Of course, inspection and diagnosis are not limited to manufacturing; they are the safeguards of society. AI diagnostics and autonomous inspection are helping us in more ways than we can imagine.

Wind Turbines

Possessing the six legs, stability, and dexterity of a beetle, BladeBUG is one of the newest and coolest robots. Its purpose? To inspect and repair off-shore wind turbines.

Postdoctoral fellows Jenny Hamilton and Enrique Lin Shiao with an automated liquid-handling robot (Hamilton STARlet). Credit: UC Berkeley.

The BladeBUG is designed to deftly navigate the turbines’ hundred-foot curved blades; it sticks on these normally unmanageable surfaces via vacuum adhesion technology.

Equipped with various sensors, the BladeBUG detects whether or not the blades are attached properly. If not, the robot will be able to reattach and, if needed, repair the blade with an autonomous repair arm.

This step in the robot’s development has not yet been reached. Pilot testing began in March, so there’s still a long way to go.

However, when finished, BladeBUGs will be able to safely, efficiently, and autonomously do what human technicians had to dangerously and manually do. After all, off-shore wind turbines average 300 feet in height.

Pipelines and Hazardous Spaces

On a smaller scale, inspection and diagnostic robots are being used to inspect tight spaces that humans can’t easily access.
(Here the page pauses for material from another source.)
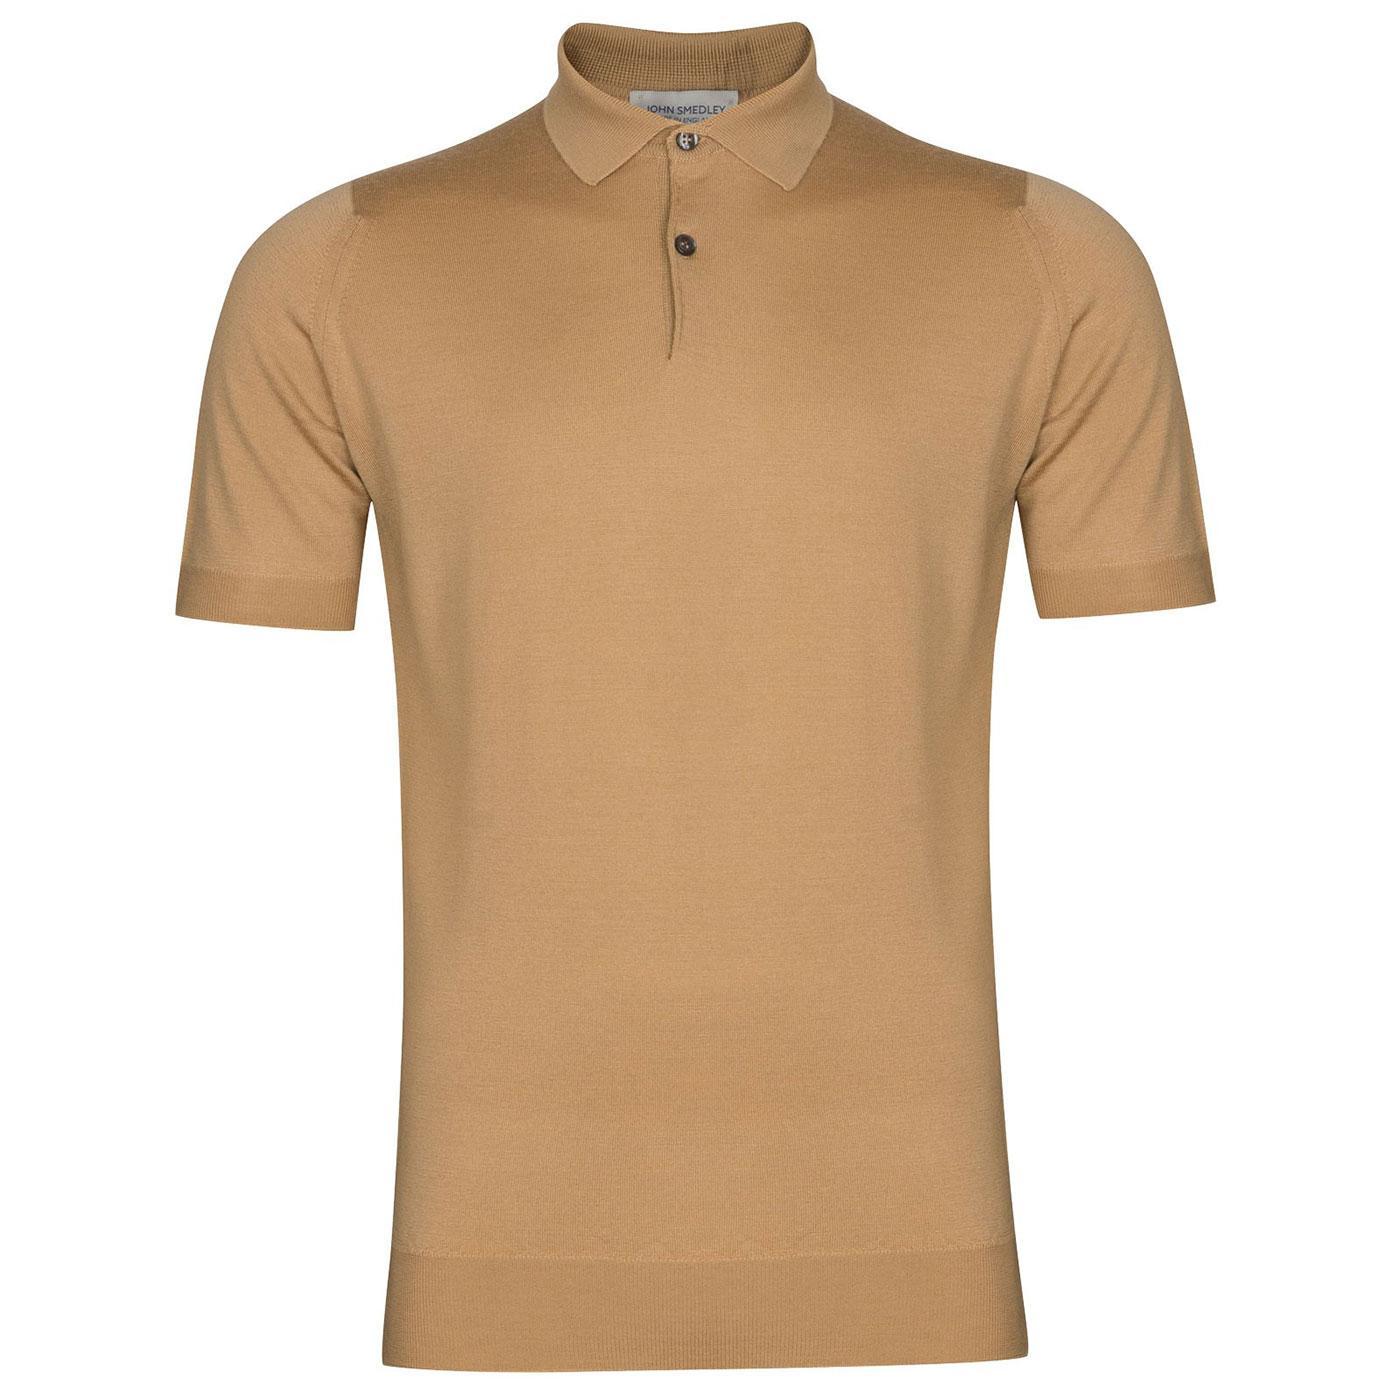 Payton JOHN SMEDLEY Knitted Merino Polo Shirt LC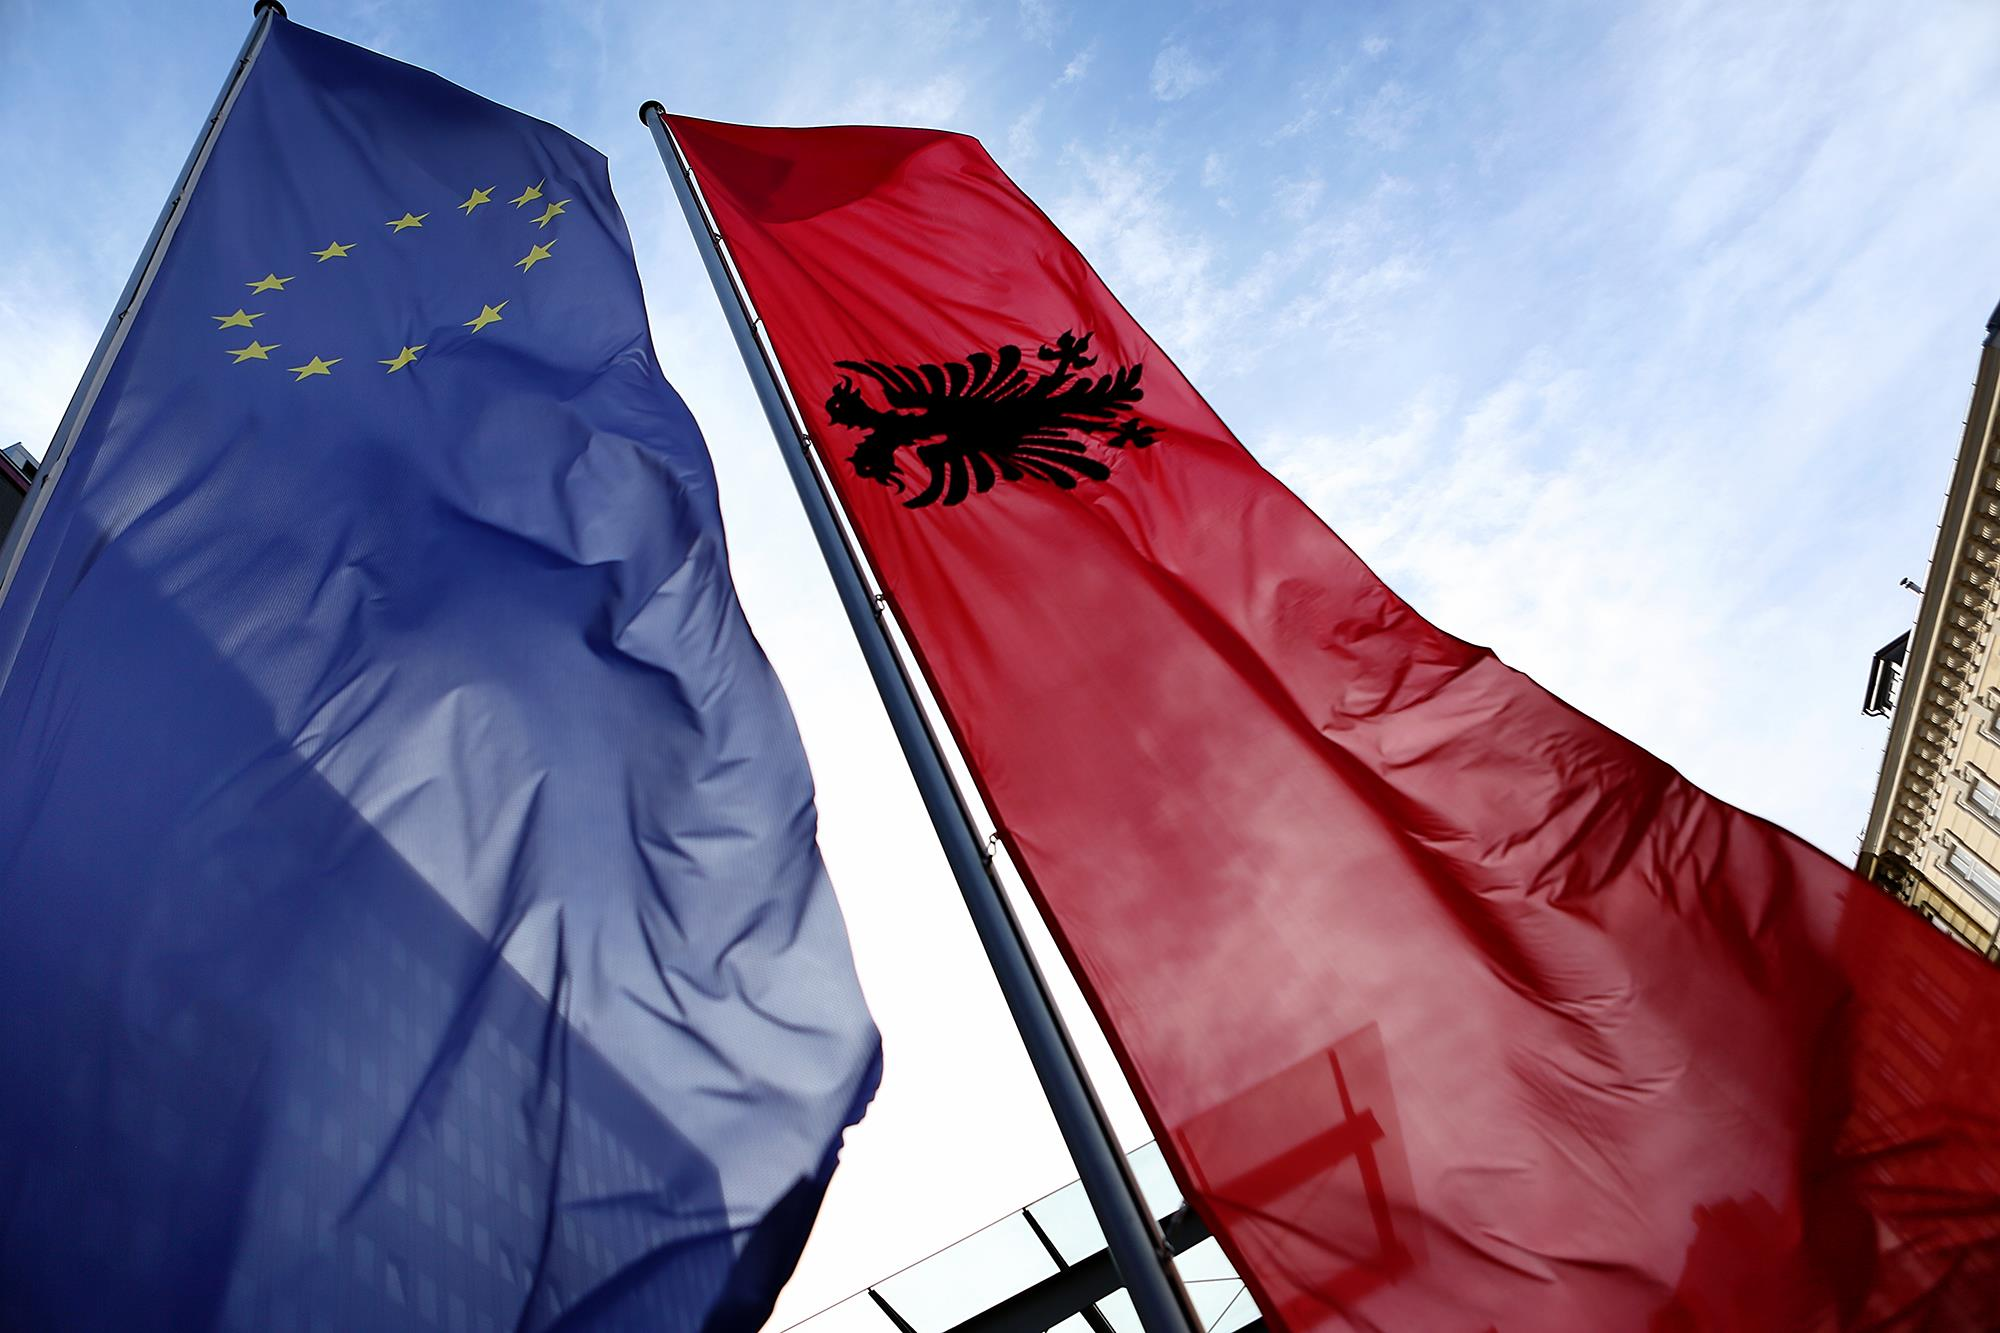 BiEPAG's Experts React: EC 2020 Progress Report on Albania

These spaces are often hazardous.

For instance, borescopes are long, robotic, video-capturing devices that can travel through pipes that supply oil, gas, and miscellaneous chemicals. These materials are essential for civilization but harmful for humans if handled in a confined space.

Borescopes save humans from dangerous work by detecting faults in the piping completely autonomously. They can also detect faults in turbines, military equipment, car engines, generators, and even aircrafts that are operating outside of Earth’s atmosphere.

For such dangerous work, these robots are sometimes outfitted with Kevlar and other water and acid-resistant material.

Medical Diagnostics

Without question, the most important and relevant type of inspection and diagnosing is in the medical industry. Robots have taken over these duties as well.

In a 2019 study, medical data from 600,000 patients were fed into an AI program, which diagnosed them as accurately – sometimes more so – as human doctors. The AI diagnosed asthma 90 percent correctly compared to 80-94 percent of doctors.

Gastrointestinal disease was accurately chosen by the robot 87 percent of the time, whereas doctors landed between 82 and 90 percent.

But robotic doctors aren’t limited to software. Robotic probes, similar to borescopes, have been developed to inspect and repair human tissue.

Also, scientists at the University of California, Berkeley’s Innovative Genomics Institute created a robotic lab that will be able to perform between 1,000 and 3,000 Covid-19 tests daily.

While predominantly used in the manufacturing sector, inspection and diagnostic robots have ventured to other industries. They are overseeing everything from off-shore wind turbines to coronavirus testing.

Robots are doing the dangerous jobs so that you don’t have to.